- Born: 8 December 1889 Sarajevo, Bosnia Vilayet, Ottoman Empire
- Died: 17 May 1959 (aged 69) Skopje, PR Macedonia, FPR Yugoslavia
- Occupation: biologist

= Stanko Karaman =

Yugoslav ichthyologist

Stanko Luka Karaman (8 December 1889 – 17 May 1959) was a Yugoslav biologist of Bosnian Serb ancestry, researcher on amphipod and isopod crustaceans.

In 1926 he founded the Museum of South Serbia (later - Macedonian Museum of Natural History) in Skopje and in 1928, the Zoological Garden of Skopje.

Several species are named after him, for example Delamarella karamani Petkovski, 1957 (Harpacticoida), Stygophalangium karamani Oudemans, 1933 (Arachnida), or Macedonethes stankoi I. Karaman, 2003 (Isopoda).
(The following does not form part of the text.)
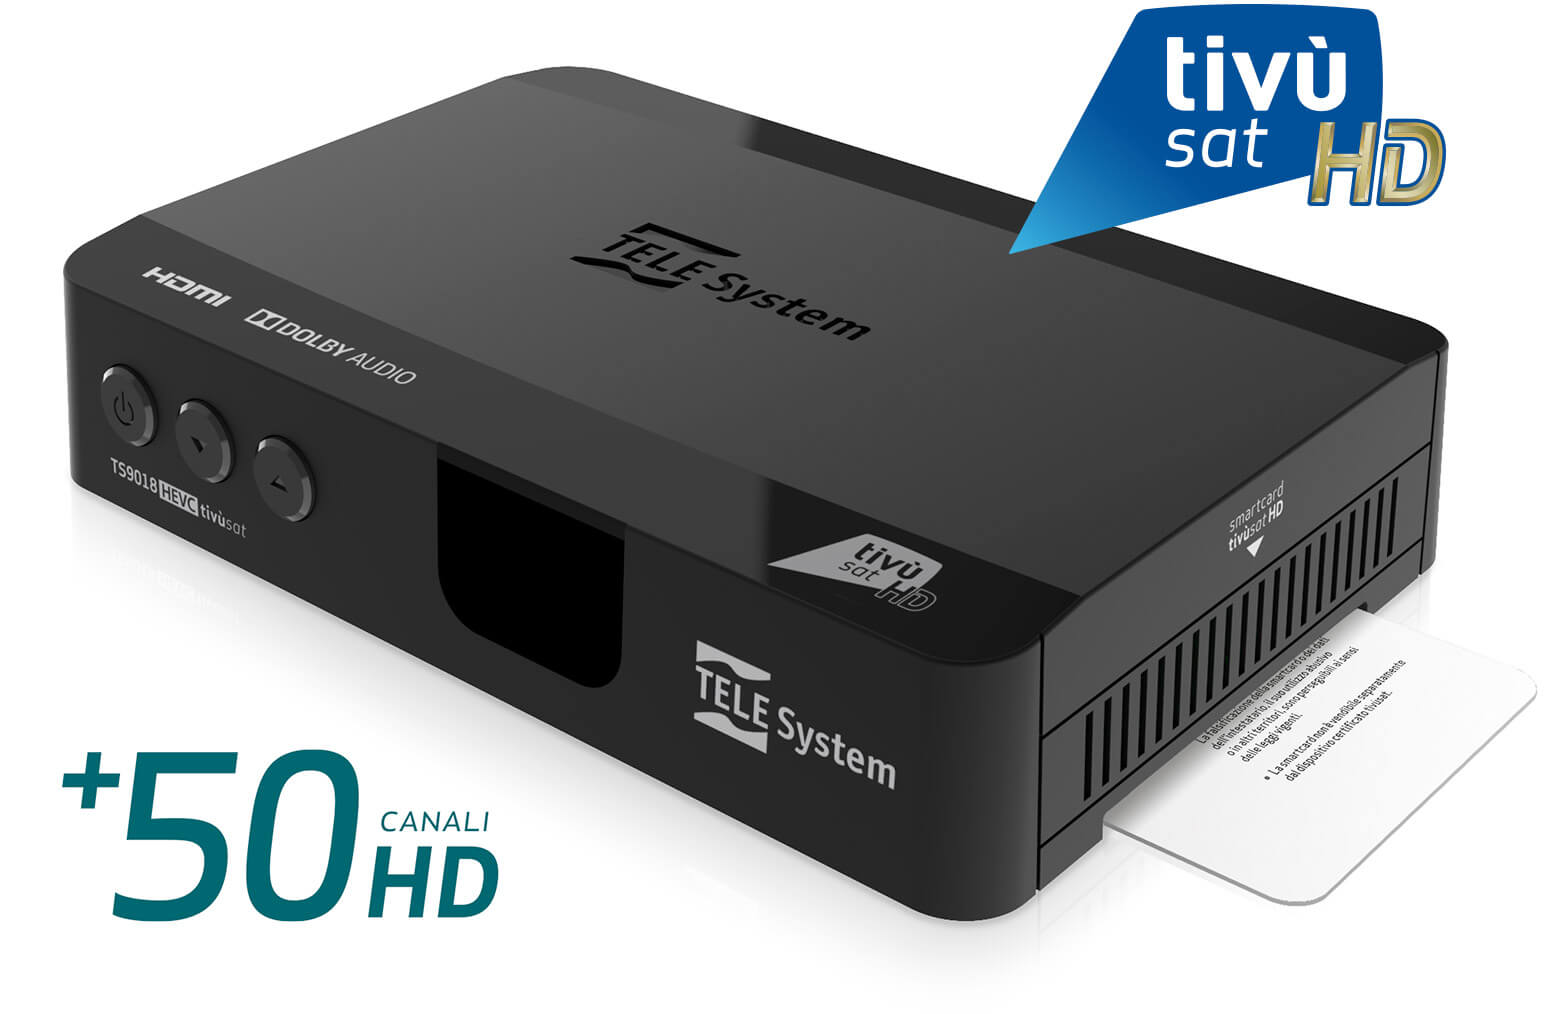 Tivusat-tele-system-ts-9018

Other taxa named karamani are labeled after his son Gordan S. Karaman, also a carcinologist.

==Publications==
- Pisces Macedoniae, Split 1924 pp. 90
- Komarci Dalmacije i njihovo suzbijanje.- Glasnik Ministarstva narodnog zdravlja, Institut za proucavanje i suzbijanje malarije Trogir, Split, 1925, pp. 1–40.